Attempts at stalking were hopeless; but it was fascinating to see evidence of nocturnal activity printed in the snow. The deer had moved around a good deal, feeding off their favourite bramble leaves. Fox tracks led everywhere - lines of elegant, single prints - and badgers had been digging down into the leaves in their search for worms or insects.

Back in the village, turmoil reigned. People had abandoned their cars and walked to the shop, and the postman, unable to drive up any of the hills out of the valley, was distributing mail by hand.

At home, tracks showed that we had entertained numerous prowlers during the hours of darkness. Foxes had paraded through the farmyard and across the lawn. Rabbits had bobbed all over the fields.

The most laborious task was that of smashing the ice on water troughs. So thick was the crust - 3in in the middle, 4in at the edges - that only a heavy, wood-splitting maul would do the job. Then it was a question of carrying out buckets of hot water, so that the sheep could get a drink before it went solid again.

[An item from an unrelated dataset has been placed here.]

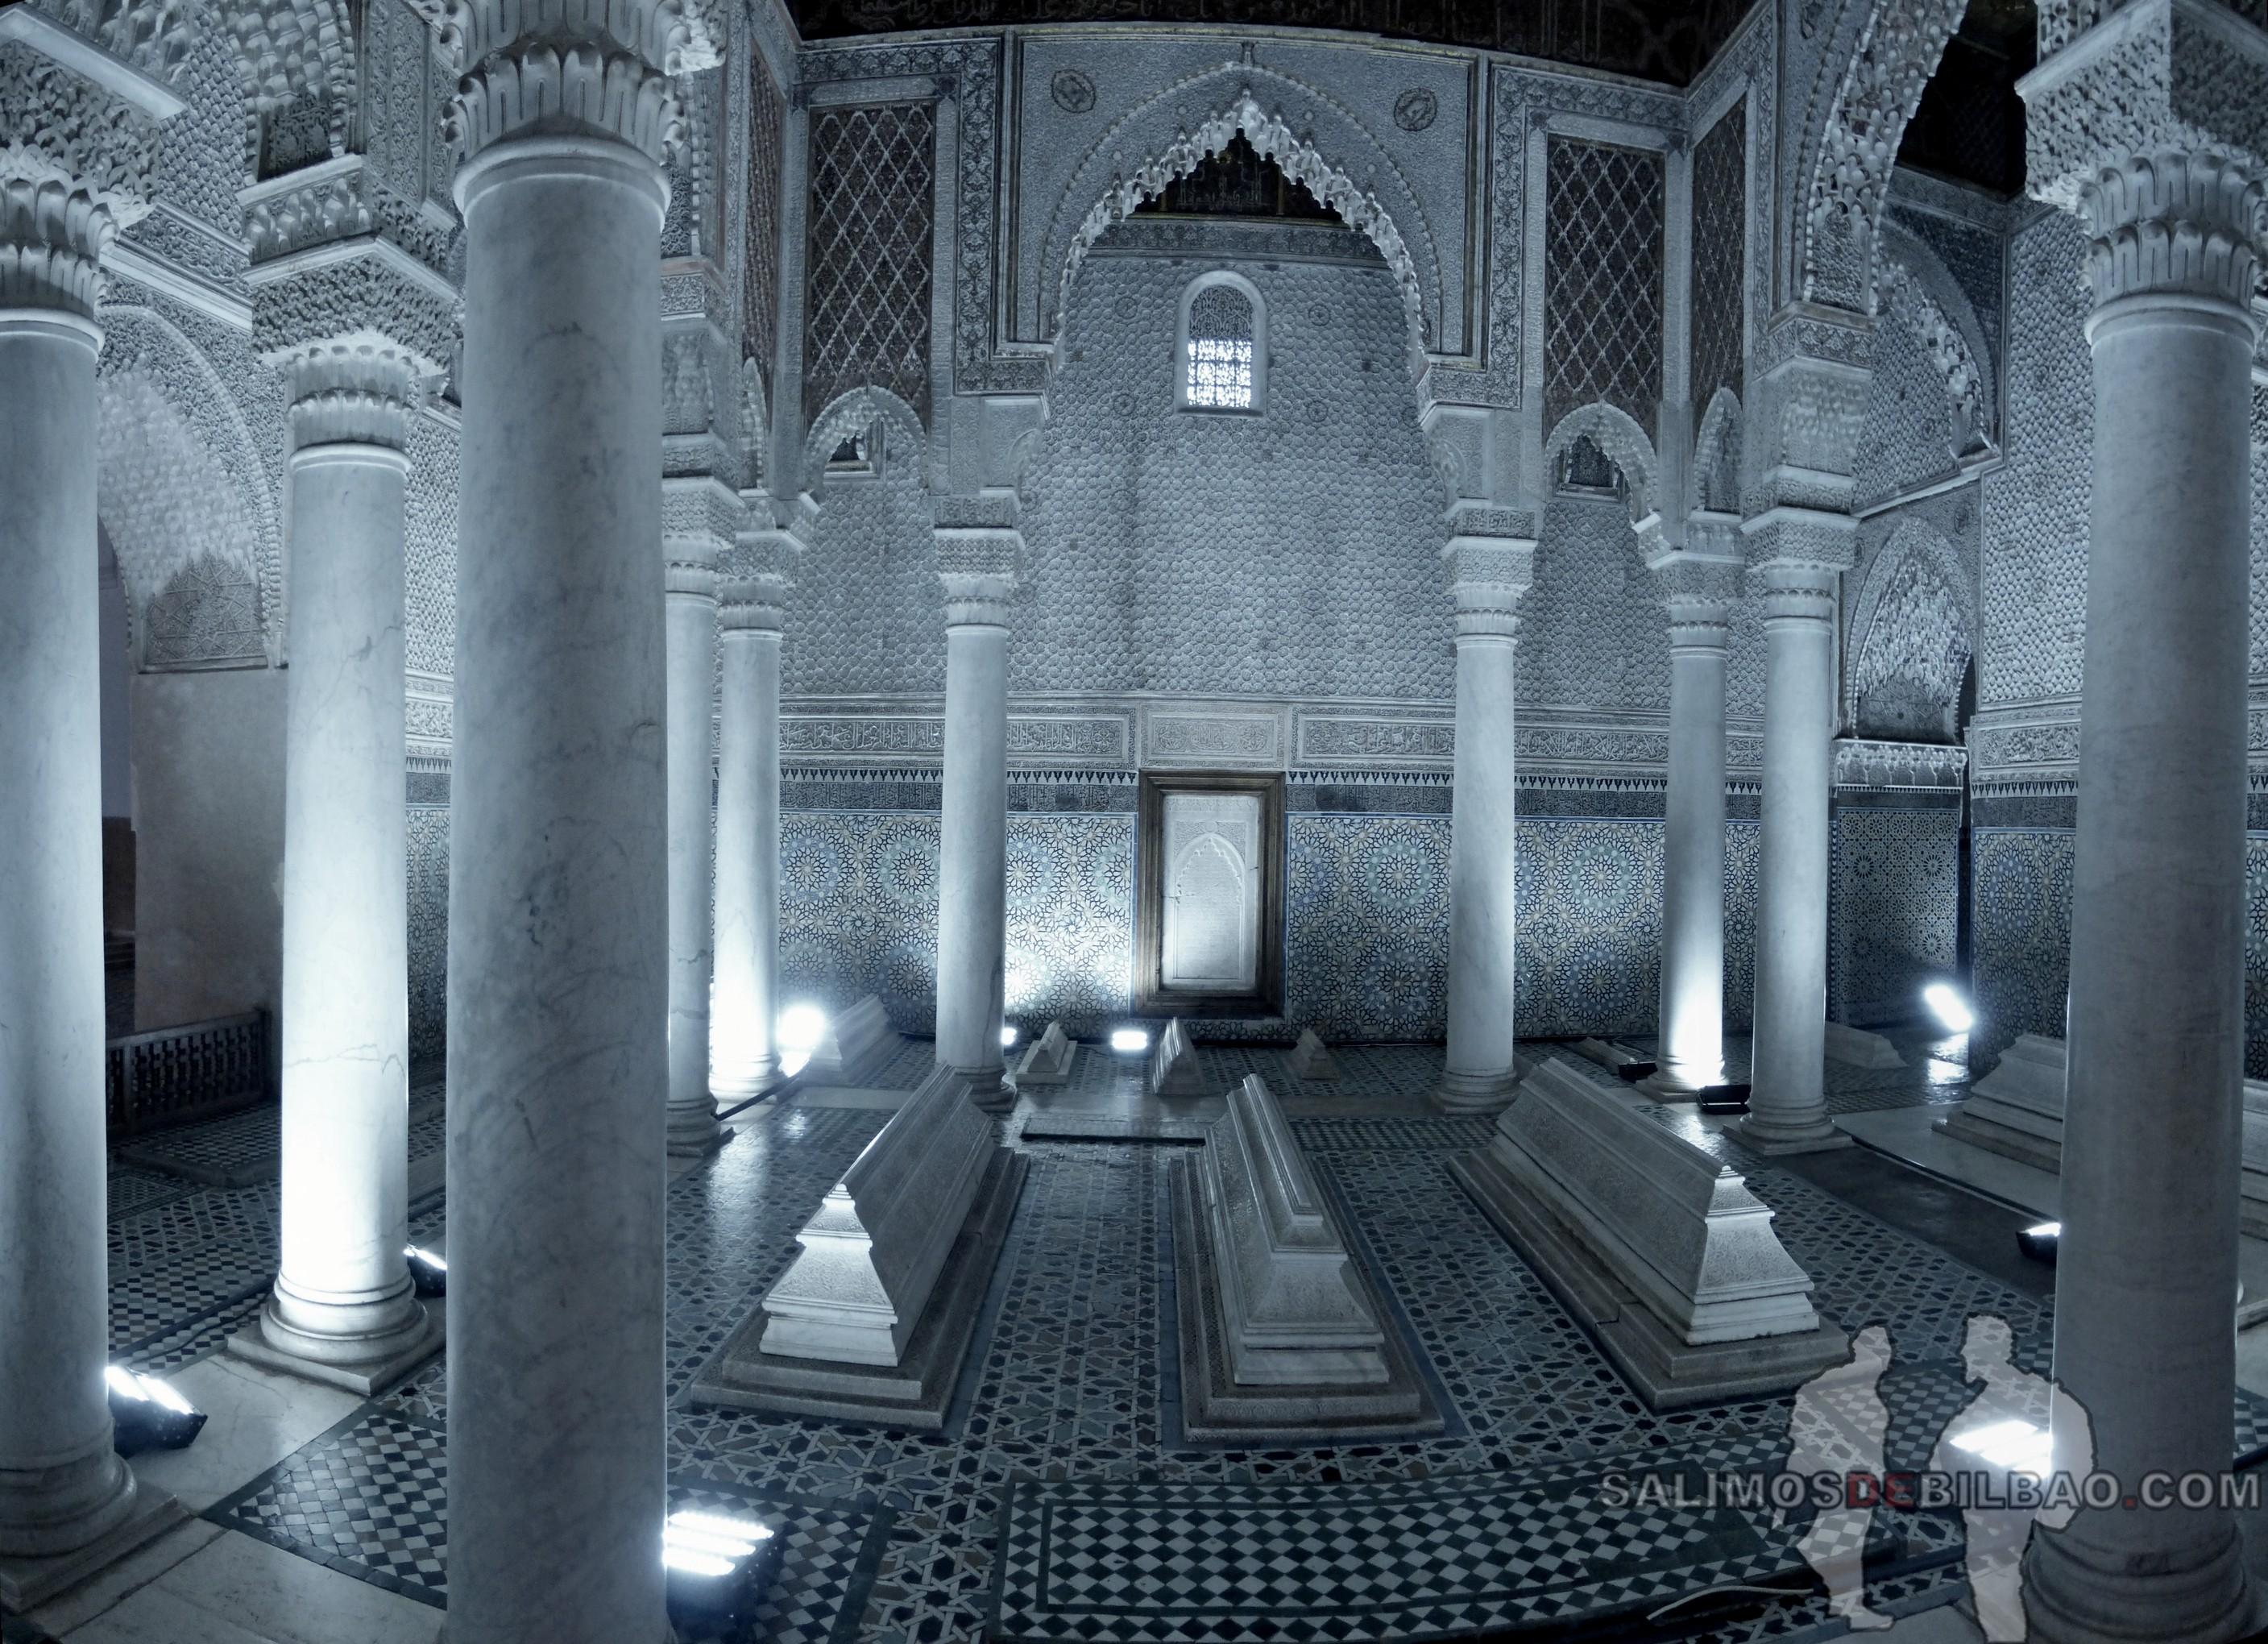 726. Pano, Tumbas saadíes, Marrakech

And yet, in the evening when I walked along the valley, I saw how treacherous ice can be. The static contents of our troughs had been frozen hard for days, yet the mill-pond, through which a stream runs, was open at one corner, kept clear by the small yet constant movement of the water. When I threw a pebble, it fell straight through the ice, which was no thicker than cardboard.

The lake downstream was in a similar state. The ice that covered much of it was strong enough to bear the 21 resident greylag geese, but any human venturing on to it would have gone straight through.

New Year's day dawned exactly the same: another crunching frost, another diamond-bright sky, the snow still lying, the Siberian wind still blowing, and the cold so intense that ice had formed on the inside of some window panes. Now more than ever I was glad that I had a goodly store of seasoned firewood, ash, oak and beech. When I brought in three basketfuls and let the wood-burning stoves rip, the labours of the summer seemed infinitely worthwhile. The challenge now is to keep ahead by laying in supplies for 1998.

As 20 intrepid starters gathered in the village street for Ron the shop's traditional New Year death march (ultimate destination, the Old Crown), everyone was stamping feet and flapping arms. But once we had moved off into the hills I believe all were agreed, deep down, that it felt natural and right to be starting the year in the grip of a proper winter.